PREFIX is the execution top-level directory. INSTALLPREFIX is usually the same as PREFIX, except when you want to tar up the files for an RPM or other distribution bundler, or want to ``stage in'' the live data. For example, if your live site is running off /web/stonehenge, you can build and install a new website from scratch with a minimum of downtime with:

  $ make INSTALLPREFIX=/web/NEW
  $ /web/stonehenge/sbin/apachectl stop
  $ mv /web/stonehenge /web/stonehenge.OLD
  $ mv /web/NEW /web/stonehenge
  $ /web/stonehenge/sbin/apachectl start

By making INSTALLPREFIX separate from PREFIX, we can stage the files into that temporary directory for the fast switch.

APACHE_PREFIX defines the prefix that Apache was built with. The etc and sbin directory would be immediately below this, for example.

SERVERNAME and LISTEN_AT define the server information. Again, the point of this configuration setup is to be able to run a development version of the server at a different location, perhaps even on a different box, so these must be configurable.

Lines 25 and 26 define variables that should not be overriden from the command line. In particular, note the use of I, which permits $I to be written in rules easily.

Line 30 defines a macro to crawl through a given subdirectory, looking for any files (that aren't Emacs editor backups), and returns their equivalent names in the INSTALLPREFIX hierarchy. An optional .tmpl is also automatically removed. This macro is used in the various rules to avoid explictly naming all the files in the directories.

Lines 32 to 52 define the rules for building each of the subdirectories, including a group install target to build just a portion of the data. There's a lot of repetition and repetition here, but I couldn't find a way to reduce that. Note that the pattern is similar: the top-level install target depends on a particular install-foo target. A similarly-named variable is loaded up by calling the macro defined earlier, and then the install-foo target is made to depend on those filenames.

But where do the rules get selected to either copy those files or run them through the templating engine?

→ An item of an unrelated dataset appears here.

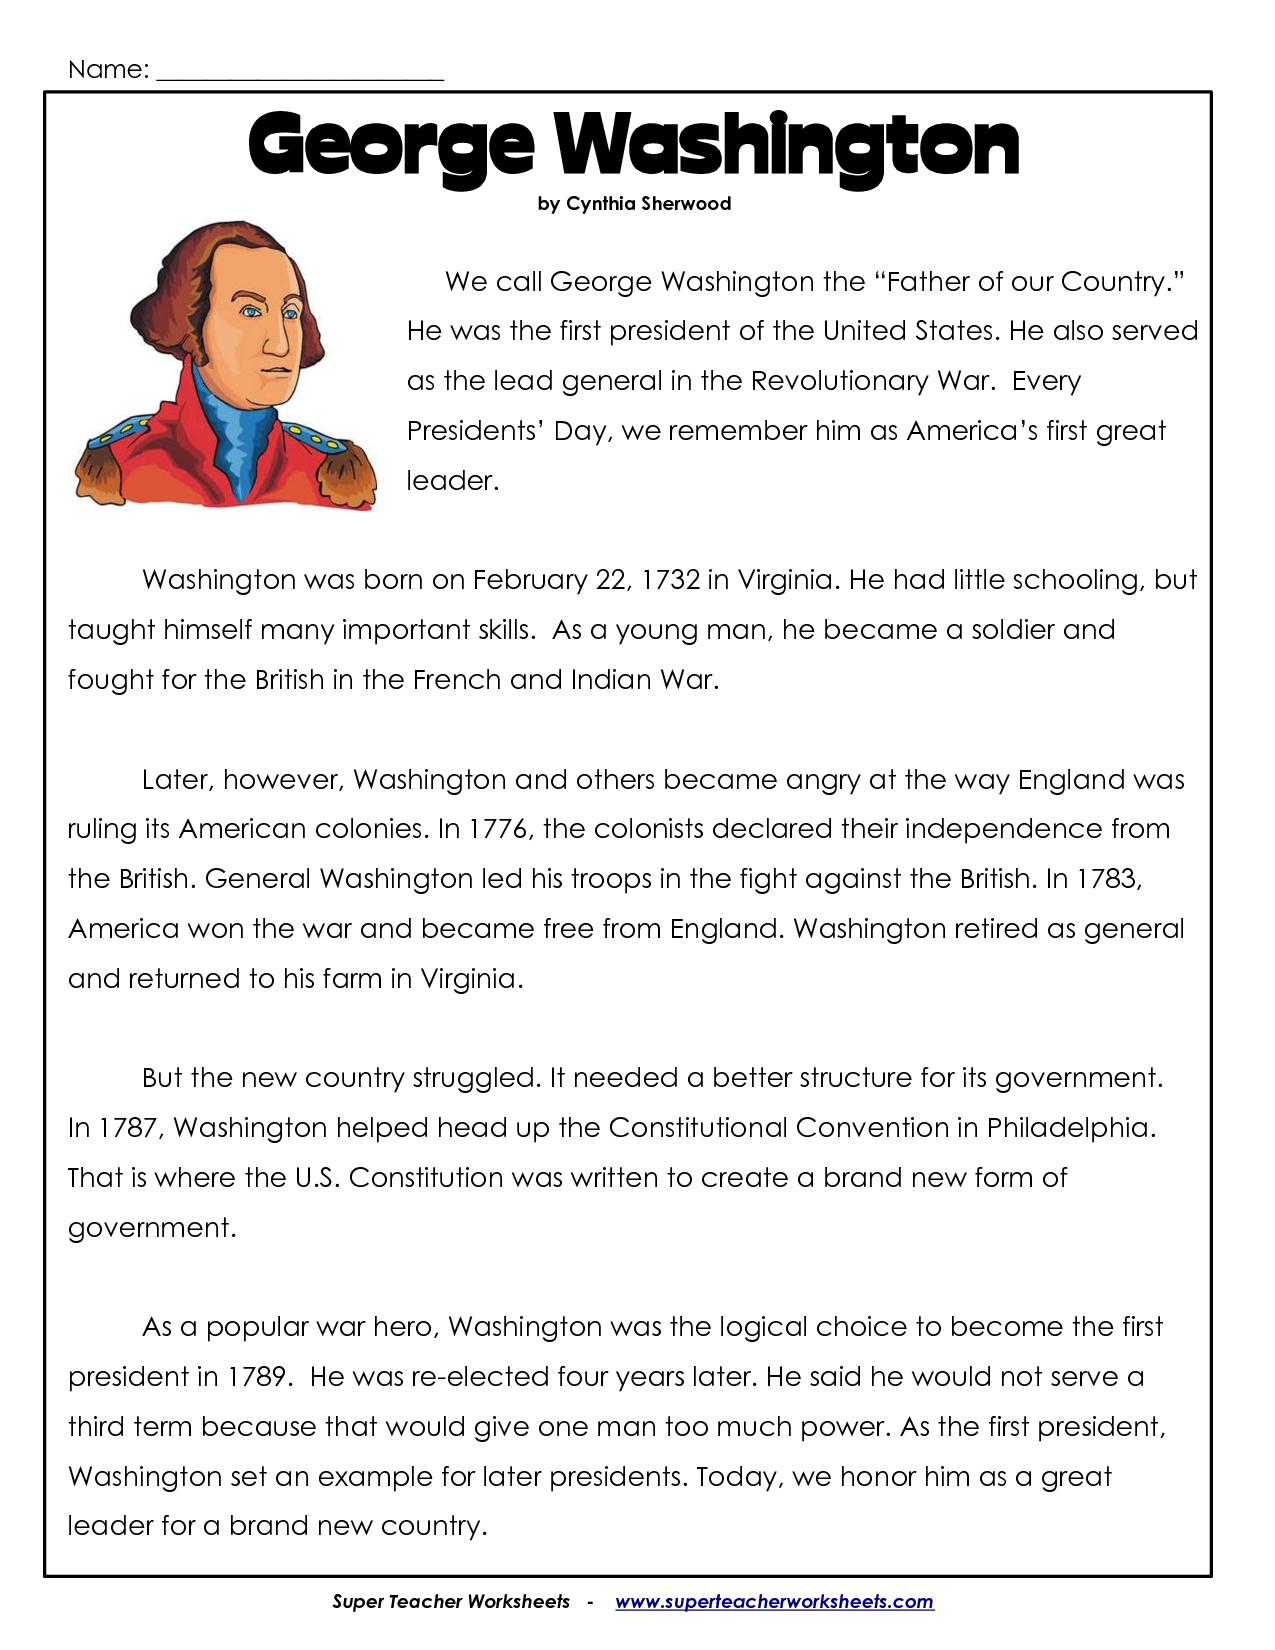 President's Day Coloring Worksheet | George Washington Worksheets | Free Printable George Washington Worksheets

Ahh, that's the magic down in lines 54 to 62. If a file wanted under the INSTALLPREFIX directory has a corresponding file relative to the local current directory, then we simply copy it over (if it's out of date), after first making its parent directory if needed.

However, if the file wanted in the INSTALLPREFIX directory has a corresponding .tmpl file, then we note that for the template engine to process, by writing the destination and source into the run-template.in file. Note that all template files are also dependent on the templater itself, and the GNUmakefile. That way, edits to either of these files cause the templates to be re-run.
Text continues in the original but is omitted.